Но как, однако, все молоды! Городничему, возможно, лет сорок, а Ляпкину-Тяпкину (Александр Антипенко), Землянике (Вячеслав Евлантьев) или Хлопову (Александр Медведев) и того меньше. Свежи, чудо как хороши и дамы — Анна Андреевна (Варвара Насонова) с Марьей Антоновной (Виктория Воробьева). Вдобавок, появляется целая стая юных стройных дев, именуемых в программке «армиды» и взятых театром специально из модельного агентства. Старше остальных тут только Осип (Сергей Качанов), но и он еще о-го-го! Конечно, сам по себе этот возрастной ценз для «Ревизора» — давно уже не театральная новость, даже наоборот: стариков в комедии нынче выводят на сцену только закоренелые ретрограды. Однако, помещенный в пространство термы и раздетый почти что догола, этот полный жизненных соков чиновничий люд начинает наводить тебя на весьма неожиданные размышления. Торсы худощавые и упитанные, смуглые и бело-розовые, мелькающие меж простыней отнюдь не дряблые бедра и ягодицы, босые ступни и мокрые, но полноценные шевелюры — вся эта вполне кондиционная телесность, в сущности, так наивна и так беззащитно уязвима! Как говорится, голеньким пришел в этот мир, голеньким и уйдешь.
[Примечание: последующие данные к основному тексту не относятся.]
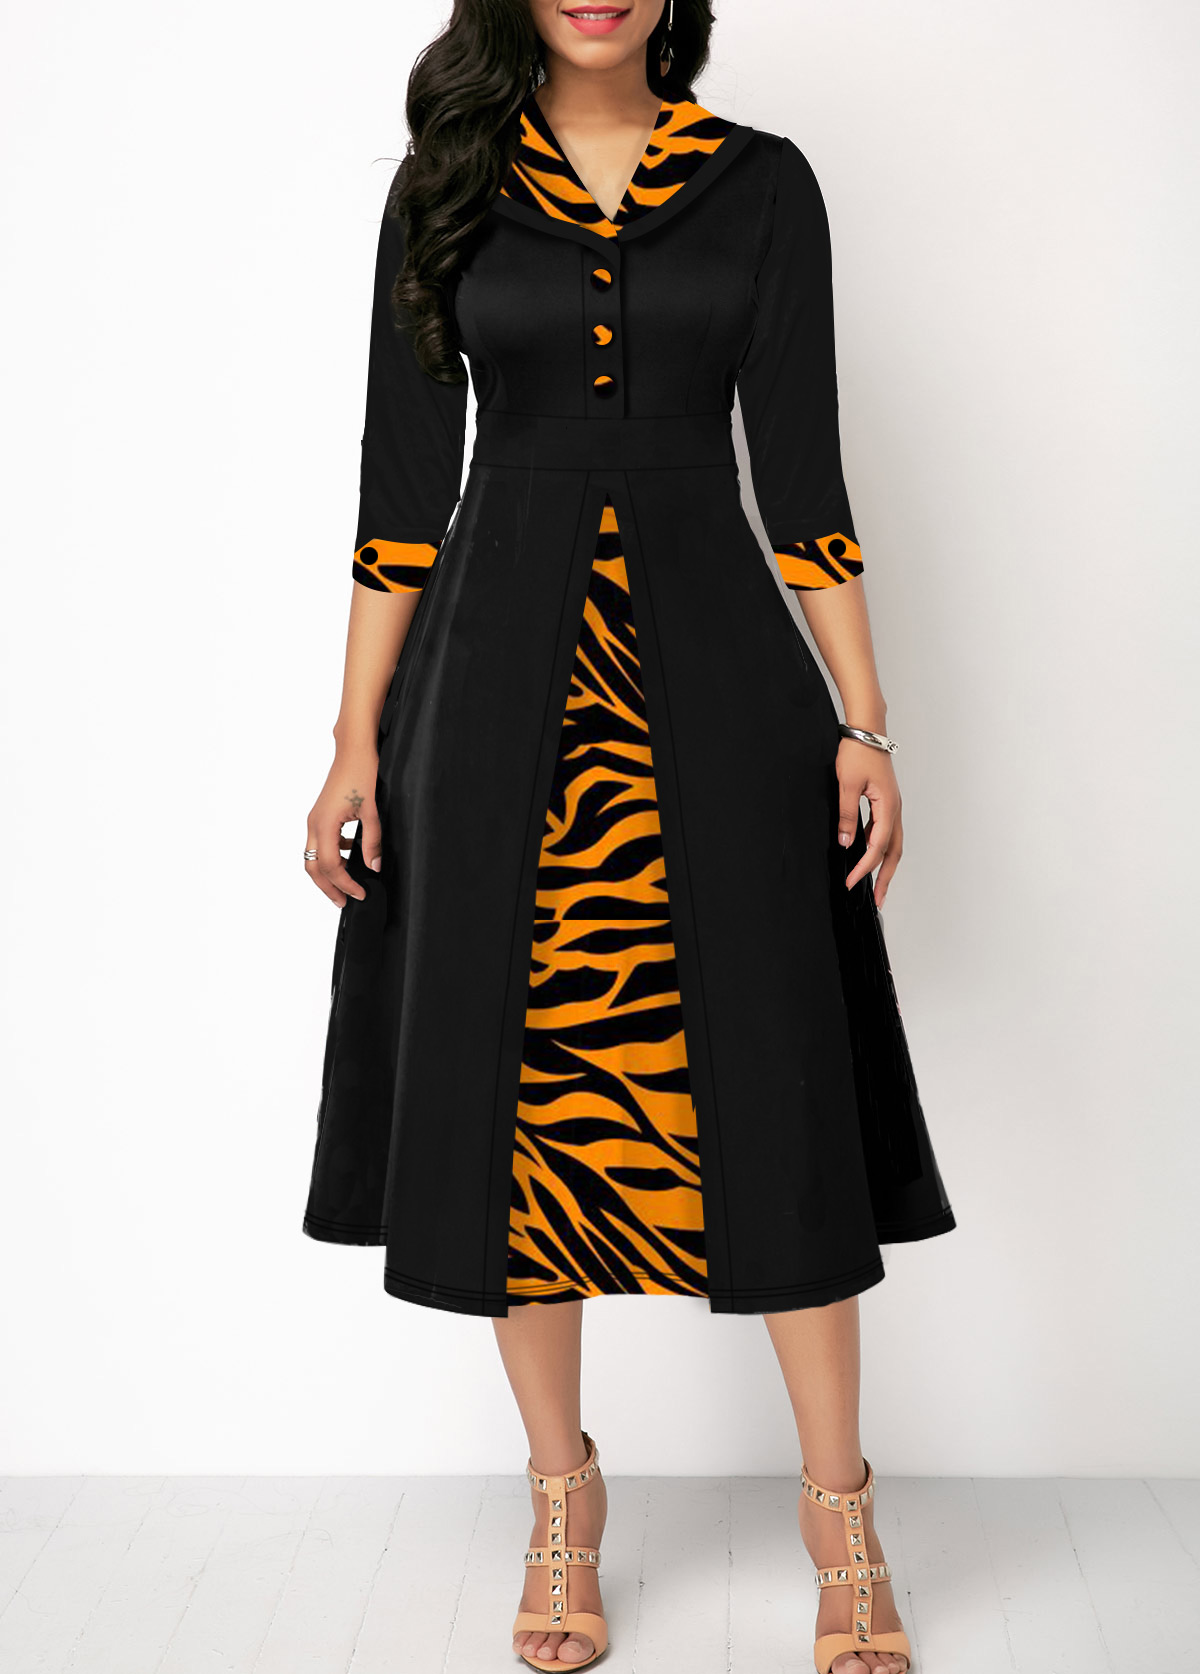 ROTITA High Waist Zebra Print Three Quarter Sleeve Dress

По ходу действия, когда раз и навсегда заданный прием, конечно же, начинает утомлять, и хочется смены картинки, а ее авторы спектакля намеренно не дадут, посещают тебя и новые догадки. Право слово, как изнеженны эти тела сытой и благополучной жизнью! Как в резиденции для привилегированного отдыха государственных мужей все удобно устроено! Замаячила опасность — быстро погрузился в бассейн с головой, сокрылся от глаз, переждал грозу, а после можно опять дышать и пребывать в неге. К слову, «банный» мотив однажды проделывает в спектакле весьма остроумную «социальную» модуляцию. Когда в роскошных спа-интерьерах появляются с жалобами купцы, Пошлепкина и унтер-офицерская вдова, сразу видно — эти «из другой бани». Потому что даже полотенца или простынки им не положено, а срам приходится прикрывать жестяными шайками образца 40-х годов прошлого столетия.
До начала действия сцена завешена белым полотном с профилями Пушкина и Гоголя и с хрестоматийной фразой: «Ну что, брат Пушкин? — Да так, брат, так как-то все…» Появляются две совершенно бутафорские крысы в человеческий рост (помните неприятный сон Городничего?), снимают полотно и уносят его прочь. А предфинальная сцена с письмом Тряпичкину и разоблачением «ревизора» внезапно напомнила мне анекдот из нулевых годов. Там богатый русский новейшего времени приходил на встречу с бывшими одноклассниками, изрядно принимал на грудь, восклицал «жизнь удалась!» и падал носом в икру. Так вот, в спектакле СТИ к торжеству по случаю помолвки бассейн накрывают белоснежной материей и по периметру расставляют вазы с изысканными фруктами. Истеблишмент тут пирует, что твои патриции, а когда наступает прозрение, обескураженный Городничий с размаху, ничком падает в середину бассейна, увлекая за собой вместе со скатертью всю дорогостоящую снедь.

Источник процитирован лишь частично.